I opowiedział wszystko. No, prawie wszystko.

— A więc to takie buty — rzekł kapłan po chwili milczenia — Ładna historia. Geniusz uwolniony z zamknięcia. I czarodziejka, która zagięła na tego geniusza parol. Niezła kombinacja. To się może źle skończyć, bardzo źle.

— Co to jest geniusz? — spytał Neville. - I o co chodzi tej Yennefer?

— Czarodzieje — wyjaśnił Krepp — czerpią swą moc z sił natury, a dokładniej z tak zwanych Czterech Elementów albo Pierwiastków, popularnie nazywanych żywiołami.
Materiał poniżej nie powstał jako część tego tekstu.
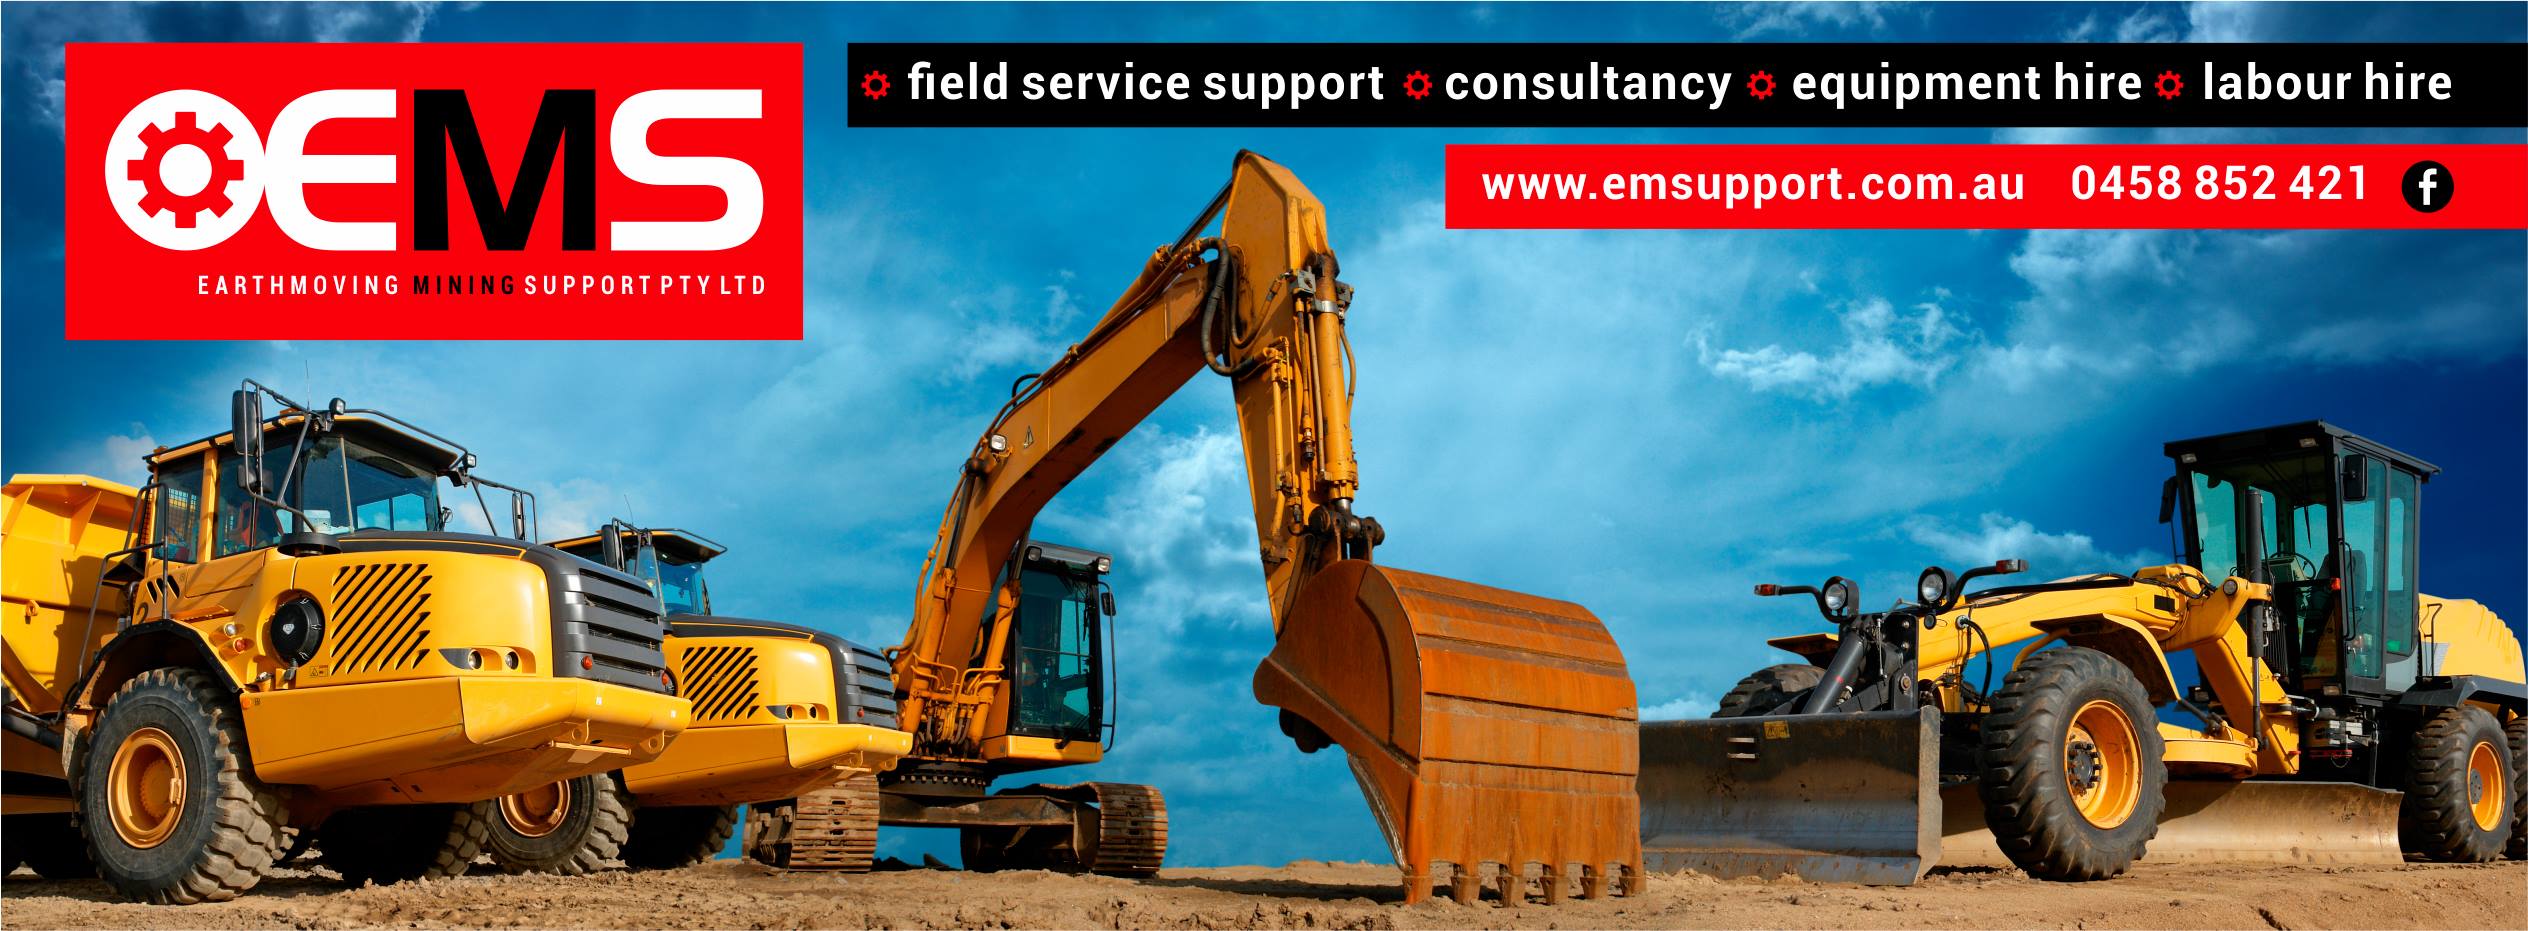 Earthmoving Mining Support, Earthmoving, mining, construction, road transport equipment, field service support, consultancy, equipment hire, labour hire, heavy equipment repair business mines, hydraulic torque wrenches, rad guns, jacking, pushing equipment, electronic diagnostic equipment, custom jobs, repairs, rebuilds, Queensland

Powietrze, Woda, Ogień i Ziemia. Każdy z tych żywiołów ma swój własny Wymiar, w żargonie czarowników nazywany Płaszczyzną. Istnieje Płaszczyzna Wody, Płaszczyzna Ognia i tak dalej. Wymiary te, dla nas niedostępne, zamieszkują istoty zwane geniuszami…
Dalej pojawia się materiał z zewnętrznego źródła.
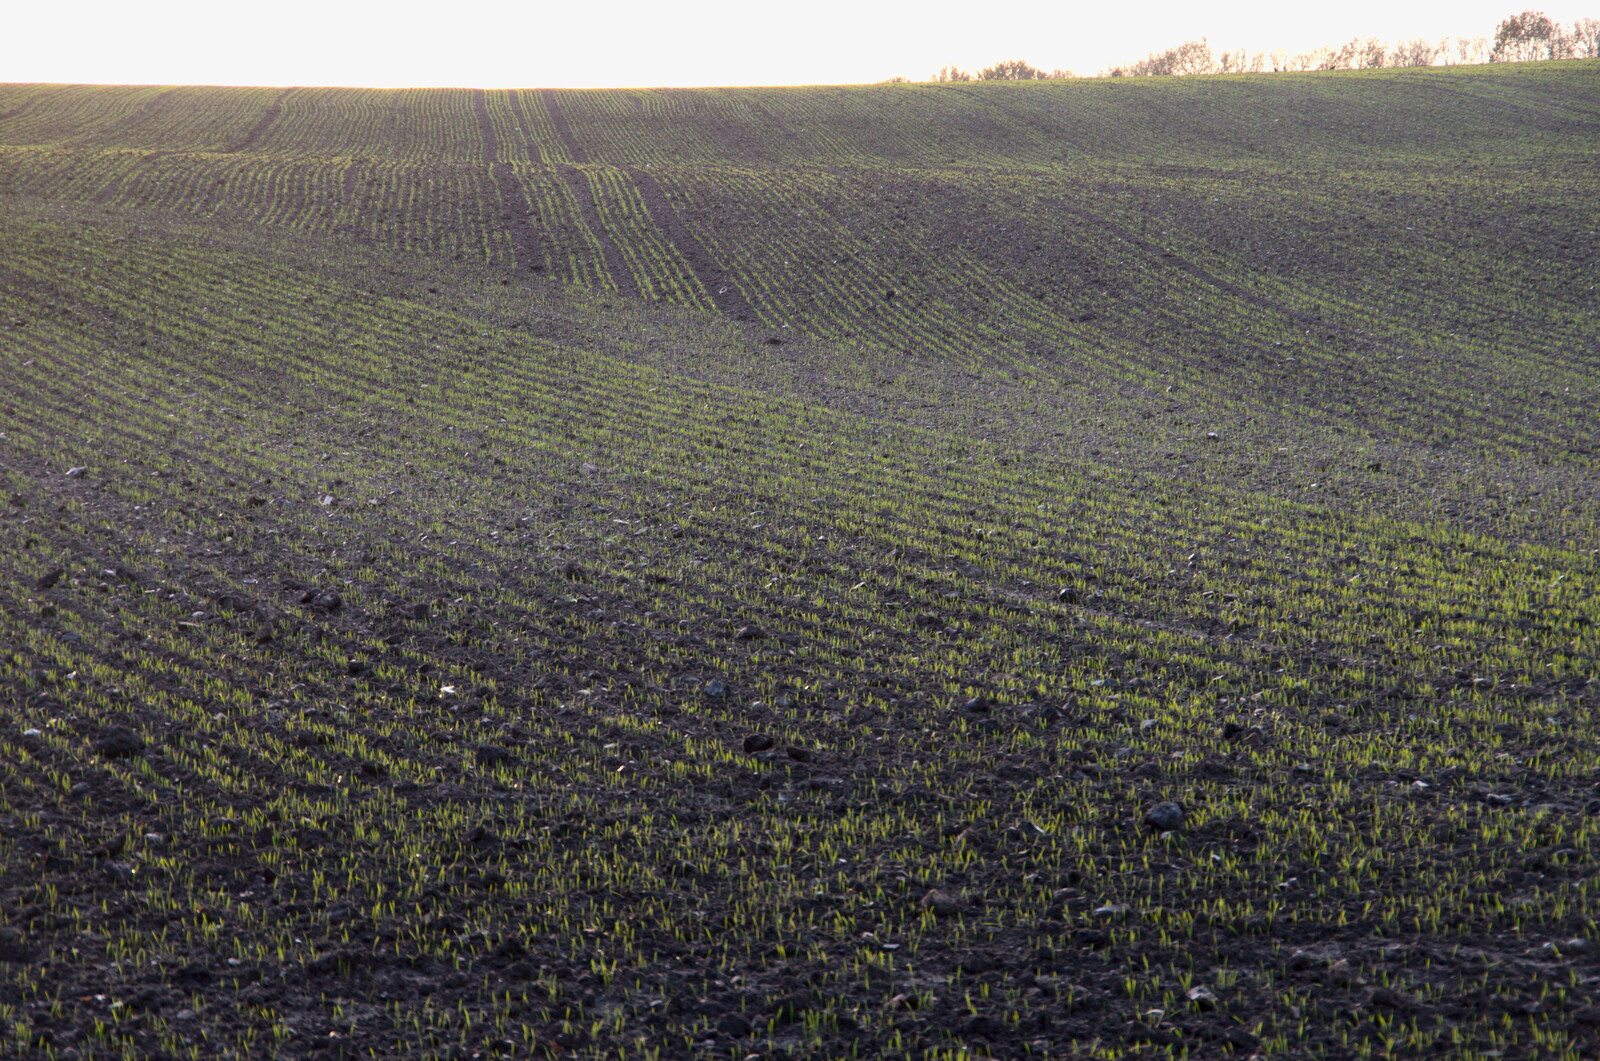 Lines of winter wheat poke up from the soil from The Dereliction of Eye, Suffolk - 22nd November 2020

— Zwane w legendach — przerwał wiedźmin. - Bo o ile mi wiadomo…

— Nie przerywaj — uciął Krepp. - To, że niewiele ci wiadomo, było jasne już w czasie twojej opowieści, wiedź-minie. Milcz więc teraz i posłuchaj mądrzejszych od siebie. Wracając do geniuszy, są ich cztery rodzaje, tak jak cztery są Płaszczyzny. Istnieją d'jinni, istoty powietrzne, maridy, związane z żywiołem wody, ifrity, które są geniuszami Ognia, i d'ao, geniusze Ziemi…

— Zagalopowałeś się, Krepp — wtrącił Neville. - Tu nie szkółka świątynna, nie ucz nas. Mów krótko: czego Yennefer chce od tego geniusza?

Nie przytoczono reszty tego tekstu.